CONCEPT Cited by 1 source
Observability cost scaling¶
Definition¶
Observability cost scaling describes the phenomenon where the cost of monitoring, logging, and metrics collection grows linearly or super-linearly with tenant/account count in multi-tenant systems, and can exceed the cost of the compute resources being monitored. This creates a cost inversion where you pay more to observe the system than to run it.
The ProGlove case¶
At ~$3/account/month for forwarding CloudWatch logs and metrics to a third-party observability platform, the cost was negligible at dozens of accounts. At thousands of accounts, it nearly doubled the total cloud bill — exceeding Lambda compute and DynamoDB storage costs combined.
"What came as a surprise to us were the actual cost drivers: instead of Lambda compute or storage costs, we found that forwarding all observability data almost doubled our cloud bill." (Source: sources/2026-06-29-aws-lessons-learned-from-scaling-to-1-million-lambda-functions)
Mitigation strategies¶
- Priority-based data segregation. Differentiate high-priority telemetry (error rates, latency spikes) from low-priority data (debug logs, verbose traces). Only forward the high-priority subset continuously.
- Idle-account hibernation. For accounts with no active workload, reduce monitoring to a minimal set of "heartbeat" metrics. ProGlove switched accounts to "almost 0" observability after inactivity.
- Local pre-aggregation. Aggregate metrics at the account level before forwarding, reducing per-event transmission cost.
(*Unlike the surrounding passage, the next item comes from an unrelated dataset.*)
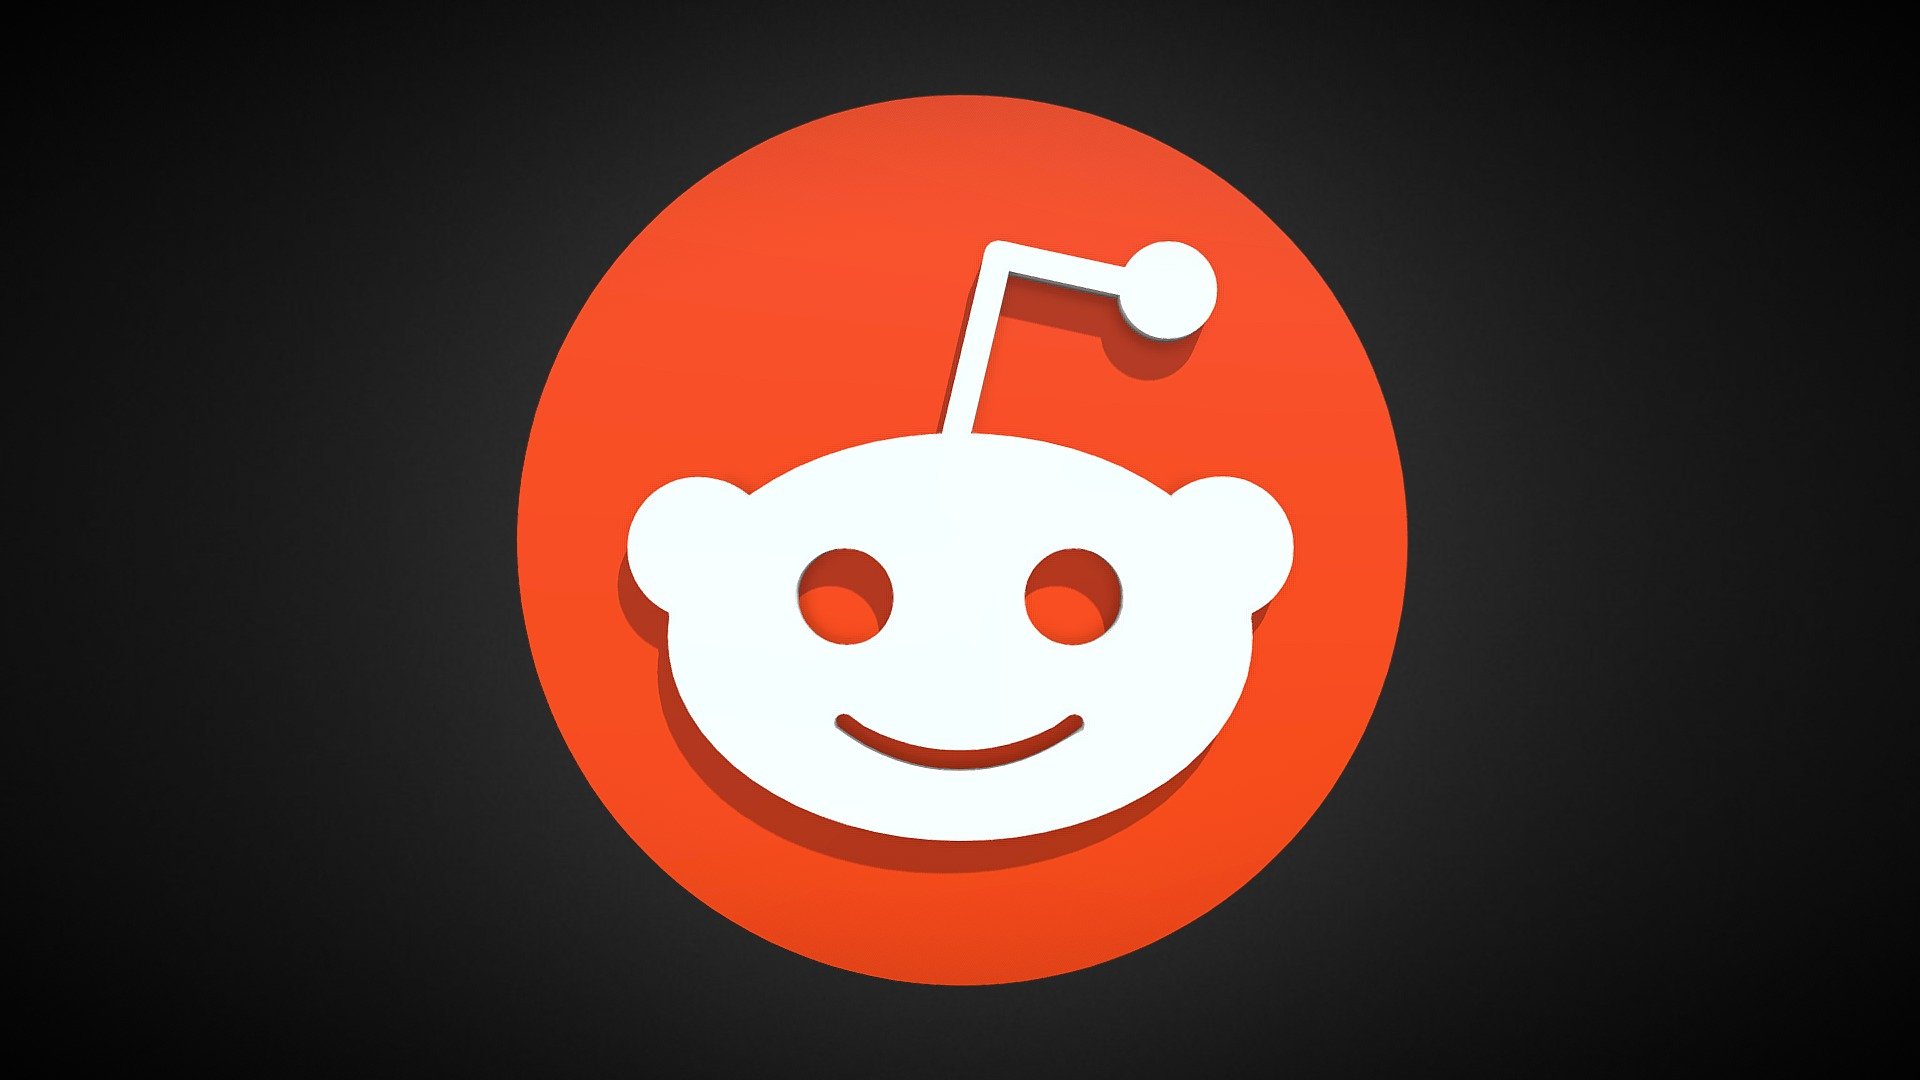 Reddit Abstract Logo Wallpapers

- Tiered retention. Short retention for verbose data, long retention only for aggregated summaries.
ProGlove reduced from ~$3/account to ~$0.70/account with these combined mitigations — a 77% reduction.
Architectural implication¶
In scale-to-zero architectures, the monitoring tax creates a practical floor: even if compute truly scales to zero, the cost of knowing the system is healthy cannot. True "zero" is "almost-zero" — the monitoring floor dominates idle cost.
Seen in¶
- sources/2026-06-29-aws-lessons-learned-from-scaling-to-1-million-lambda-functions — observability costs at $3/account nearly doubled ProGlove's cloud bill; optimized to $0.70/account.